The phone-hacking scandal that has engulfed Rupert Murdoch’s global media empire has yielded another big fish.
British police have arrested Rebekah Brooks, the flame-haired former chief executive of News International, on suspicions that she was directly or indirectly involved with illegal phone-hacking and bribery during her tenure as head of the now-defunct News of the World (NOTW) tabloid.
Under enormous pressure from various quarters, she resigned from her position at News International on Friday, although her bosses Rupert and James Murdoch expressed their undying support for her.
According to a spokesman for Brooks, she was notified on Friday (the date of her resignation) that she would be arrested.
Brooks edited NOTW between 2000 and 2003 – at that time, perhaps the most egregious phone-hacking incident occurred, that of schoolgirl Milly Dowler who was murdered.
BBC’s business editor Robert Peston commented: It's certainly the most extraordinary development. Rebekah Brooks is incredibly close to the most powerful people in the UK -- the current prime minister, the previous prime ministers Tony Blair and Gordon Brown. More or less every senior person of influence within Britain.
Peston indicated that Brooks’ arrest might complicate her planned appearance before the Culture, Media and Sport Select Committee on Tuesday, where she was expected to answer queries from MPs about the scandal.
I would assume having been arrested it's now almost impossible for her to appear. It's very difficult for MPs to ask her questions that wouldn't be seen to be impinging on the police investigation, he said.
Adrian Sanders, a Liberal Democrat MP, complained about the timing of the arrest.
In whose interest was it for this arrest to take place before Tuesday? Because if it does impede what we can ask, that's not going to go down well with my fellow committee members,” he said.

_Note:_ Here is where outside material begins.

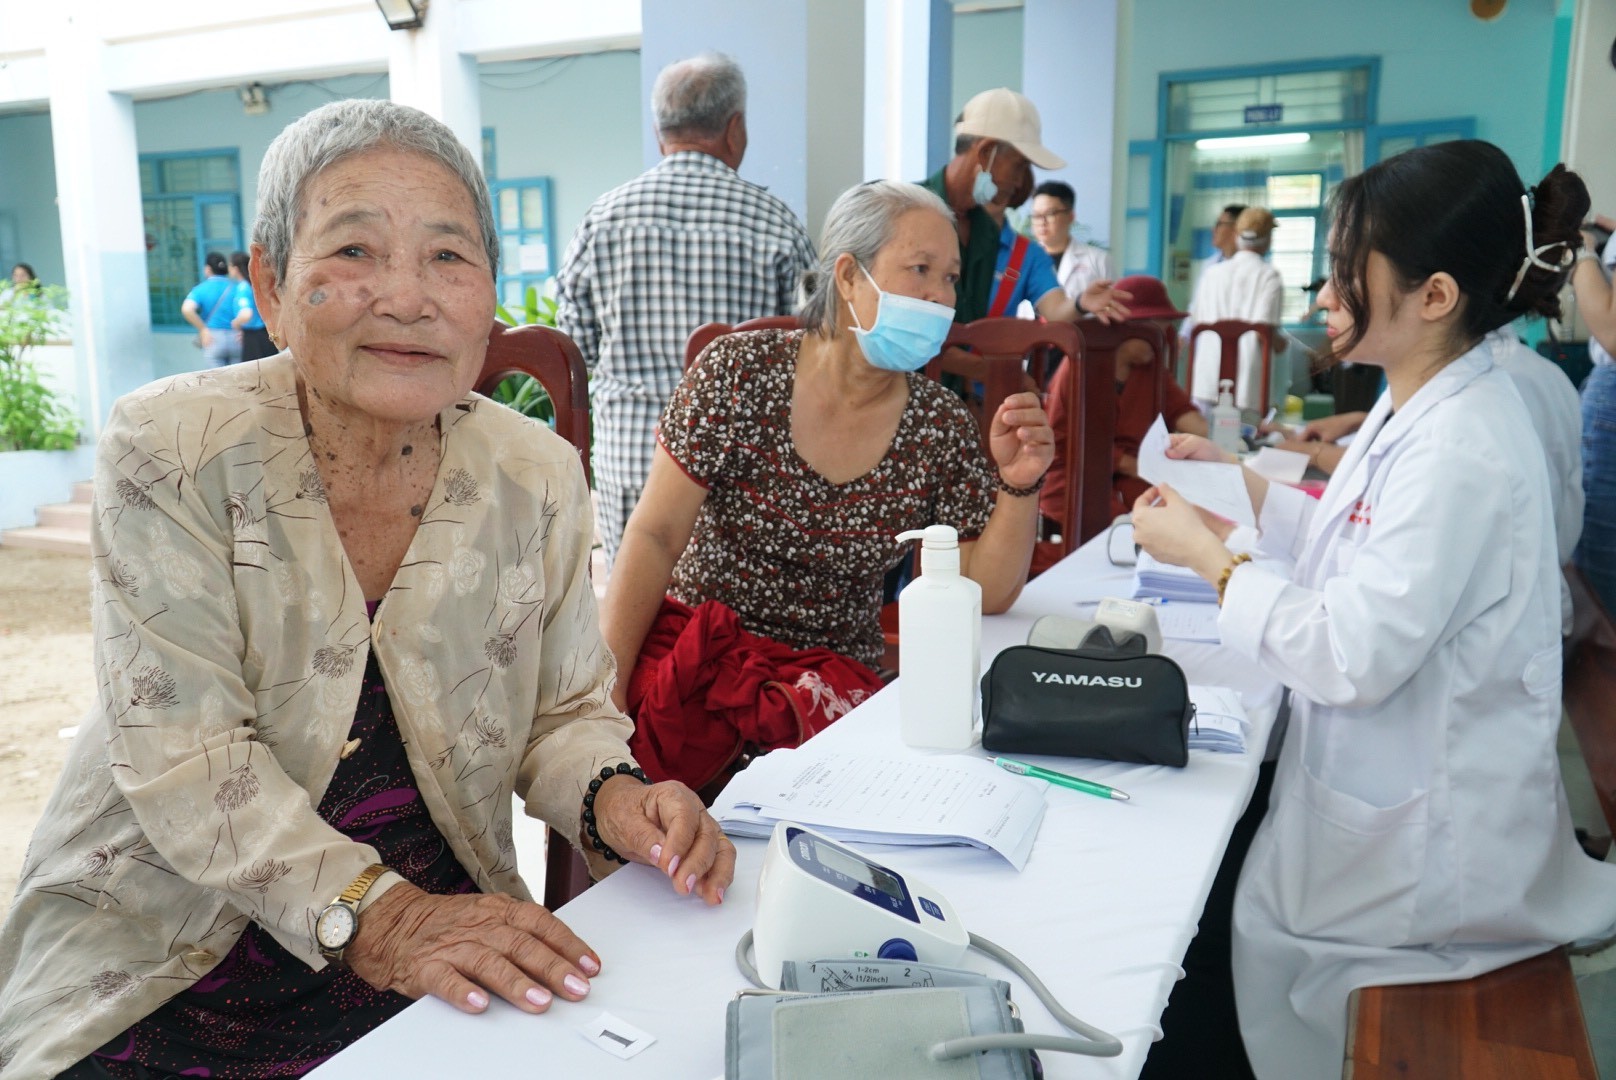 Chùm ảnh: Khám, phát thuốc miễn phí cho người dân Ninh Thuận ảnh 6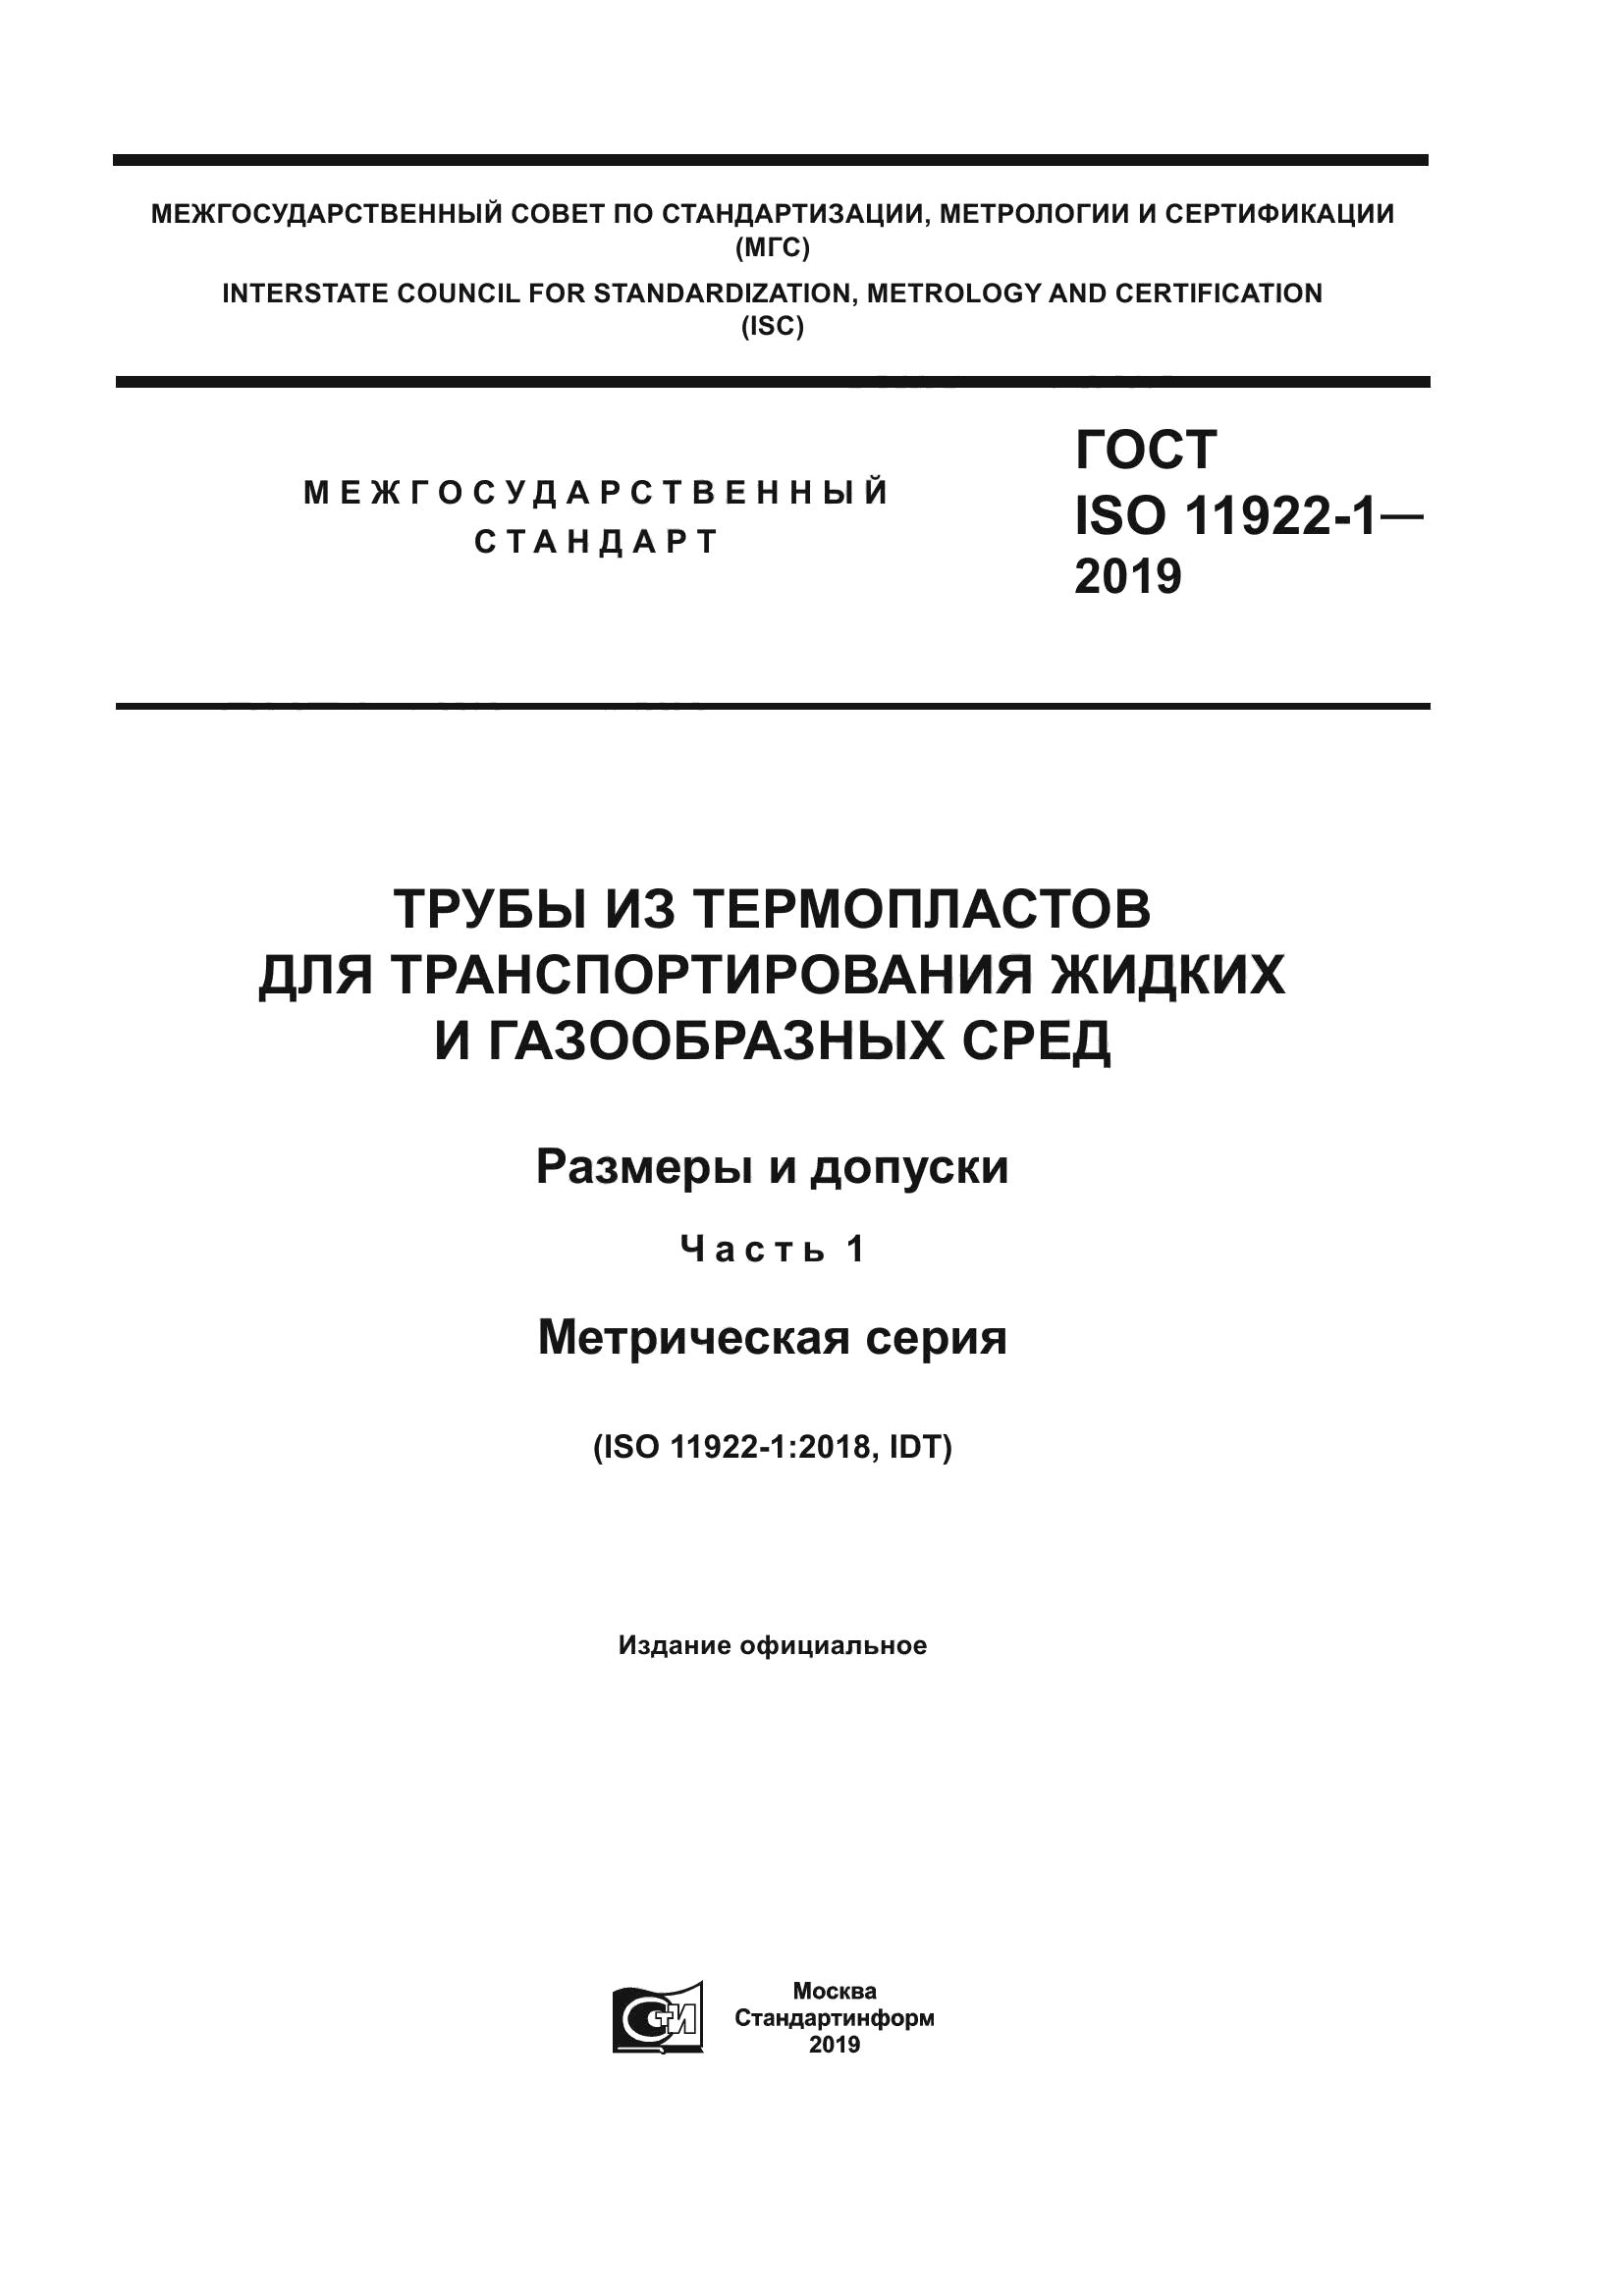 ГОСТ ISO 11922-1-2019

Quite why now, just a few hours before our select committee meets, an arrangement has been made for an arrest. A lot of people are going to think this is very, very odd. If this [arrest] is designed to take the spotlight off the police at the same time giving a shield to Rebekah Brooks, that's a very serious matter indeed. We don't know how much this is going to impede our questioning until we've been able to sit down and talk it through with the parliamentary counsel.
Similarly, Labour MP Chris Bryant, who is allegedly himself a phone-hacking victim, also questioned the arrest.
It may be that the police are wanting to protect evidence so that... they can lead to successful prosecutions, but there will be plenty of people who are saying, right, this is an opportunity for her to get out of saying things to the culture committee,” he stated.
In the end, of course, the police investigation is the most important part of what we've been trying to seek for a long time, so we do get to the bottom of the criminality at the News of the World.
Meanwhile, News Corp. chairman Rupert Murdoch, and son James, chairman of News International, will appear before MPs this week.
Brooks, 43, remains in custody at a London police station.
She is now the tenth person arrested in connection with this gathering scandal.